The Cost of Easy Living
Imagine spending 400,000 years climbing to the top of the food chain, only to lose the will to live because your GrubHub driver forgot the extra ranch.
We’re surrounded by the husks of tools that were supposed to make life easier—once indispensable, now crutches, then chains, and finally, replacements. They promised: “Don’t sweat the small stuff. Save your energy for the big problems.”
But what if the small stuff is the training ground for the big ones? Cooking dinner, balancing a budget, walking to the store—these aren’t meaningless chores. They’re mental push-ups for your brain. Now, we’ve outsourced it all to apps, and the closest thing we do to long-term planning is debating whether to tip 15% or 20%.
We’re “saving time,” but for what?
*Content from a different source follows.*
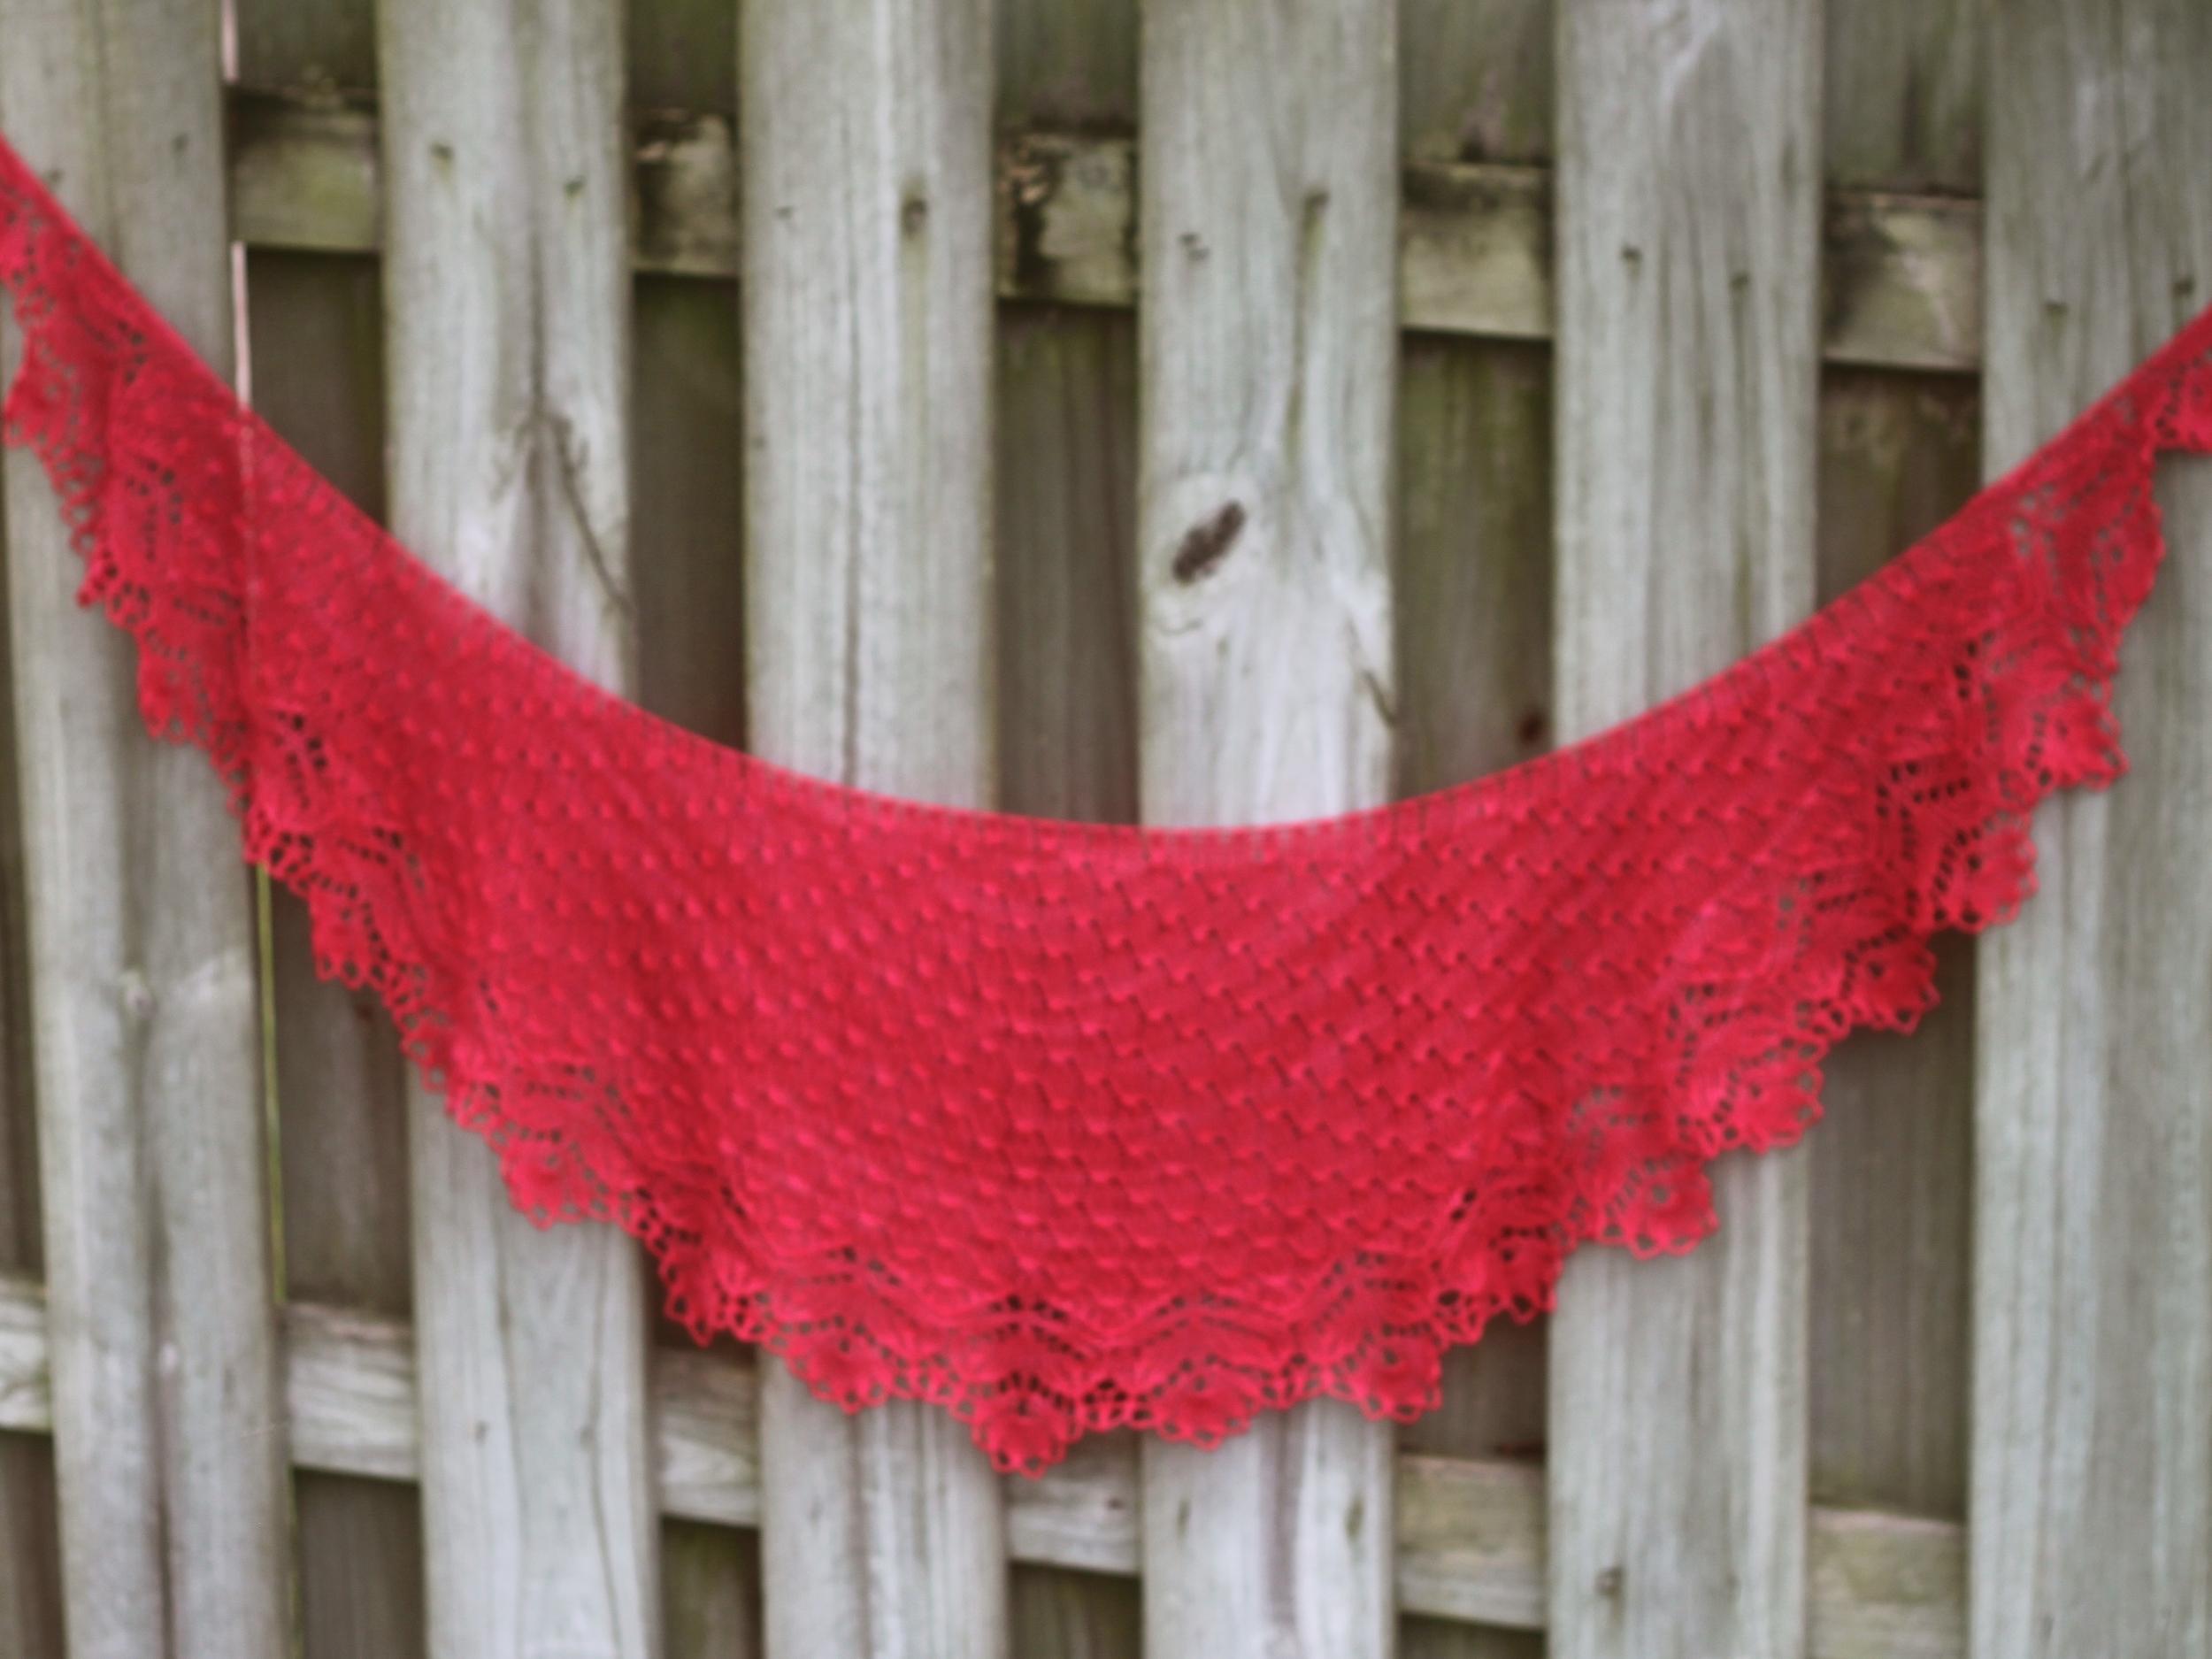 evanthe-picnicknits-knitting-pattern

To doom-scroll through the same climate crisis we lack the patience or foresight to fix?
The rhythm of effort—planning, acting, adjusting—has been replaced with a numb, reactive pace.
What happens to a world that no longer practices its problem-solving muscles?
Imagine two societies:
In Society A, getting food requires planning ahead. You need to:
- Check your pantry
- Make a shopping list
- Drive to the store during business hours
- Cook meals from scratch
- Plan leftovers
In Society B, you can:
- Tap your phone
- Have hot food appear at your door in 30 minutes
- Repeat whenever hungry
Which society will produce people better at long-term planning?
Which will naturally select for delayed gratification?
Which one has a chance of "making it" in the long term?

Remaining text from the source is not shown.